To address this, we developed MAGIC (Markov Affinity-based Graph Imputation of Cells), a method for imputing missing values, and restoring the structure of the data. After MAGIC, we find that two- and three-dimensional gene interactions are restored and that MAGIC is able to impute complex and non-linear shapes of interactions. MAGIC also retains cluster structure, enhances cluster-specific gene interactions and restores trajectories, as demonstrated in mouse retinal bipolar cells, hematopoiesis, and our newly generated epithelial-to-mesenchymal transition dataset.
TIDES or ( Trajectory Interpolated DREMI Scores) is an extension of our earlier Density Resampled Estimate of Mutual Information which quantifies time-varying edge behavior over a developmental trajectory. In particular it tracks times during development in which a regulatory relationship is strong (high mutual information) vs times when regulatory relationships are inactive (low mutual information) due to regulatory network rewiring that underlies differentiation.
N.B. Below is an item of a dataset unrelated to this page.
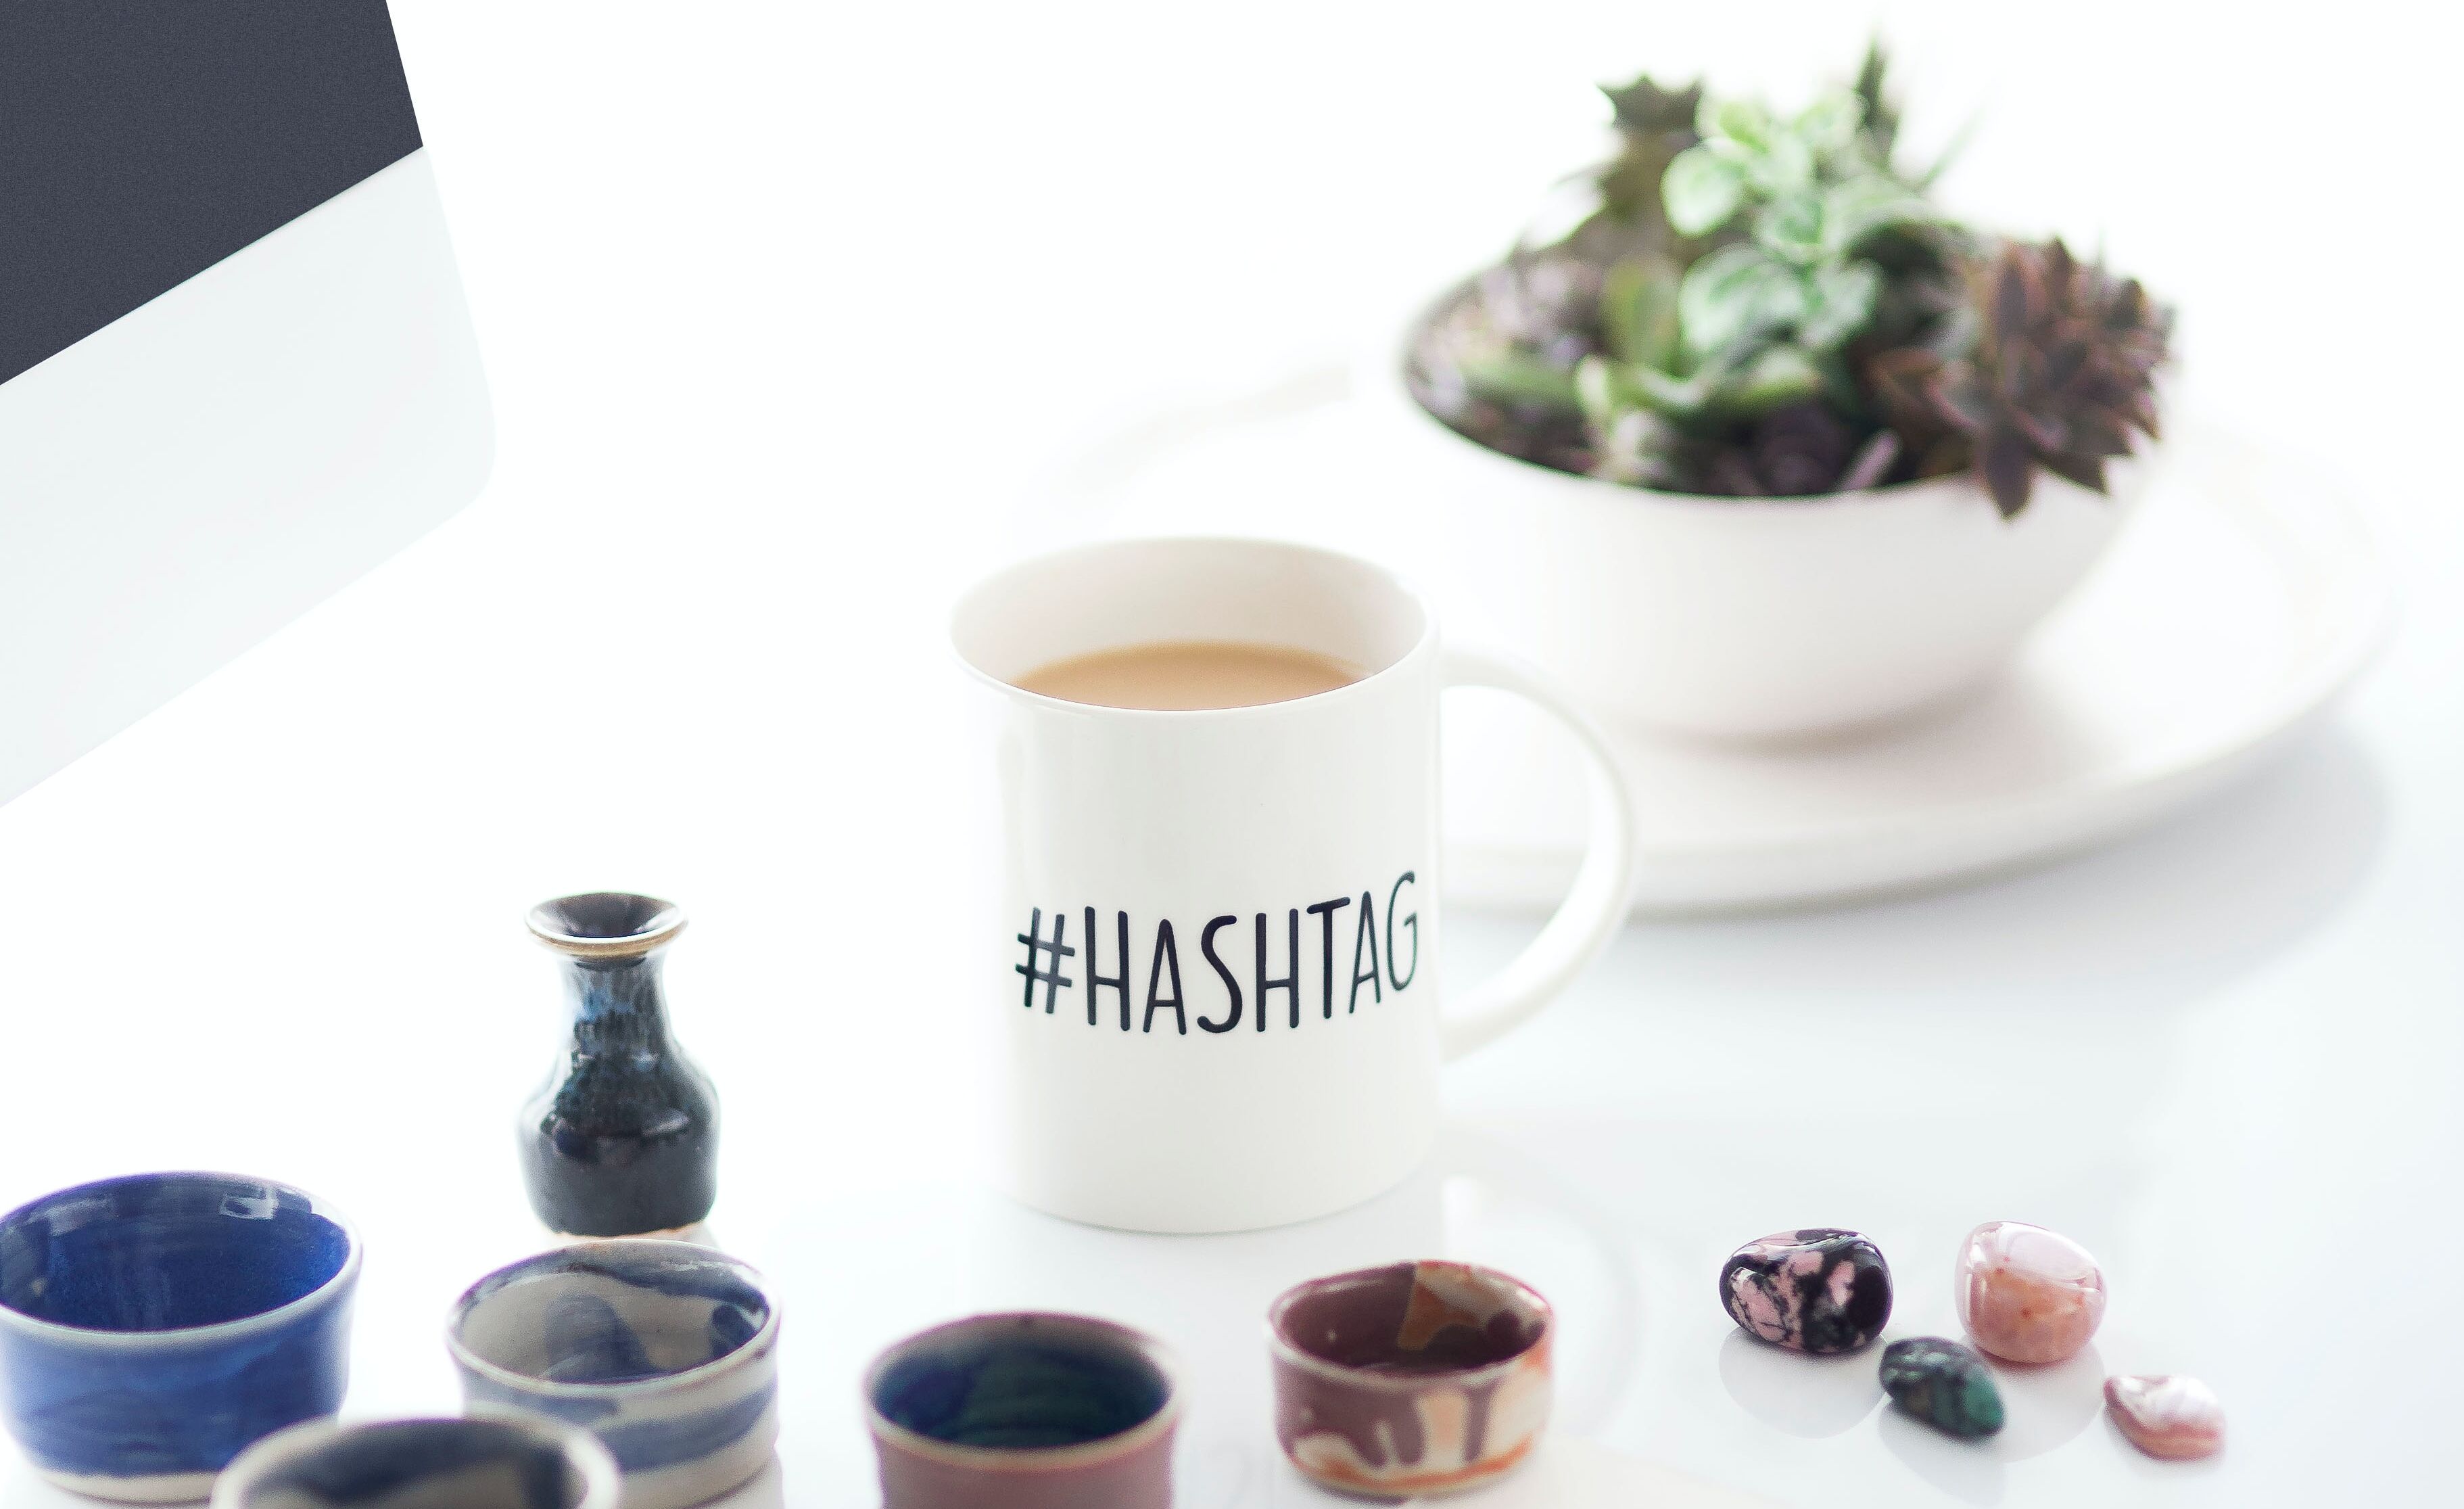 The History of the Hashtag
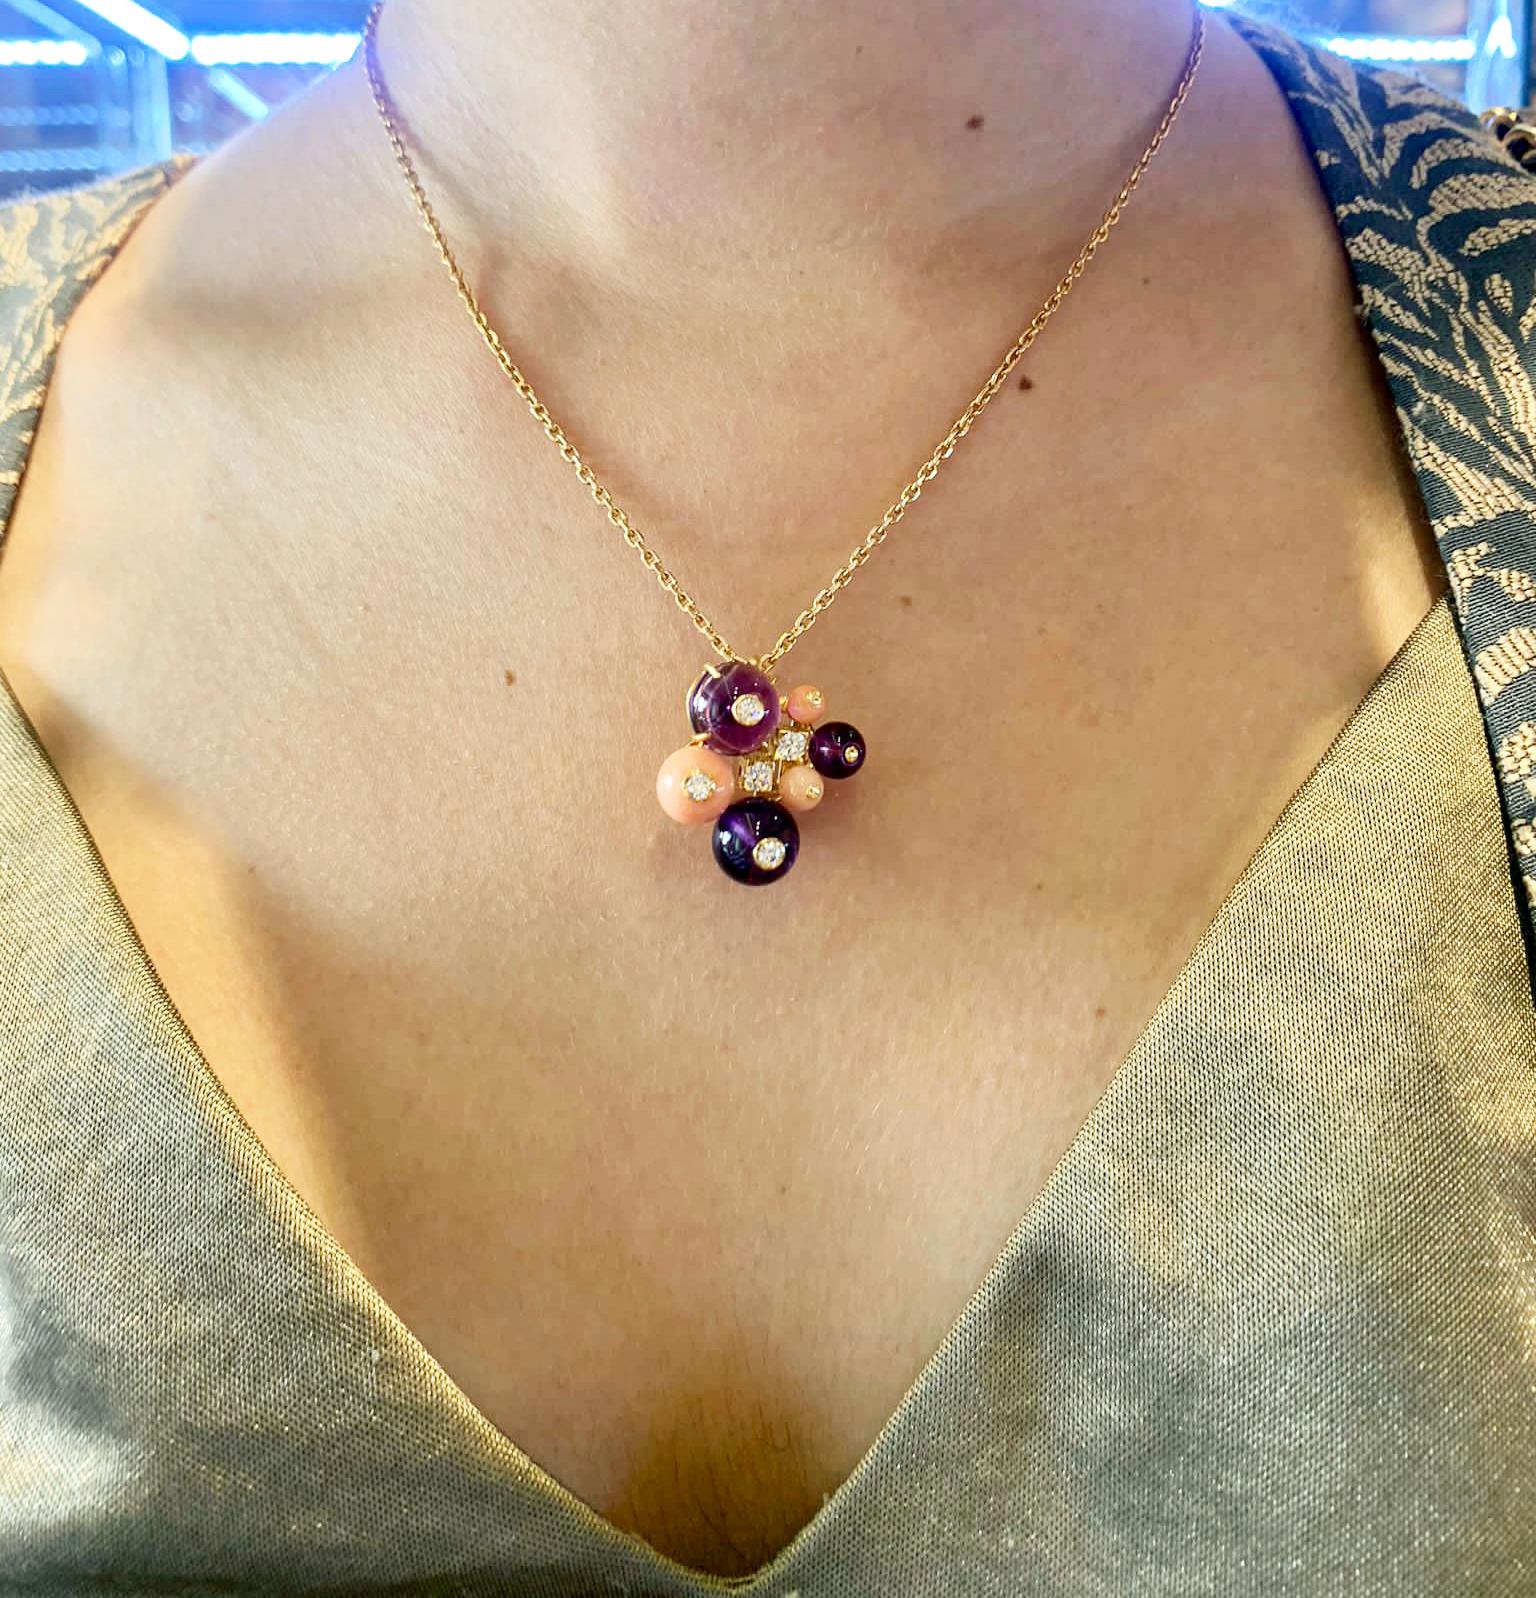 Women's or Men's Cartier ‘Delice de Goa’ Necklace with Amethyst, Diamonds and Coral in 18K Gold

We also predict an overall metric of edge dynamism, which combined with TIDES allows us to predict the effect of drug perturbations on the Epithelial-to-Mesenchymal transition in breast cancer cells.
Geometry-Based Data Generation
Many generative models attempt to replicate the density of their input data. However, this approach is often undesirable, since data density is highly affected by sampling biases, noise, and artifacts. We propose a method called SUGAR (Synthesis Using Geometrically Aligned Random-walks) that uses a diffusion process to learn a manifold geometry from the data. Then, it generates new points evenly along the manifold by pulling randomly generated points into its intrinsic structure using a diffusion kernel.
SUGAR equalizes the density along the manifold by selectively generating points in sparse areas of the manifold. We demonstrate how the approach corrects sampling biases and artifacts, while also revealing intrinsic patterns (e.g. progression) and relations in the data. The method is applicable for correcting missing data, finding hypothetical data points, and learning relationships between data features.
Learning time-varying information flow from single-cell EMT data
Cellular circuits sense the environment, process signals, and compute decisions using networks of interacting proteins. To model such a system, the abundance of each activated protein species can be described as a stochastic function of the abundance of other proteins. High-dimensional single-cell technologies, like mass cytometry, offer an opportunity to characterize signaling circuit-wide. However, the challenge of developing and applying computational approaches to interpret such complex data remains.
Here, we developed computational methods, based on established statistical concepts, to characterize signaling network relationships by quantifying the strengths of network edges and deriving signaling response functions. In comparing signaling between naïve and antigen-exposed CD4+ T-lymphocytes, we find that although these two cell subtypes had similarly-wired networks, naïve cells transmitted more information along a key signaling cascade than did antigen-exposed cells.
We validated our characterization on mice lacking the extracellular-regulated MAP kinase (ERK2), which showed stronger influence of pERK on pS6 (phosphorylated-ribosomal protein S6), in naïve cells compared to antigen-exposed cells, as predicted. We demonstrate that by using cell-to-cell variation inherent in single cell data, we can algorithmically derive response functions underlying molecular circuits and drive the understanding of how cells process signals.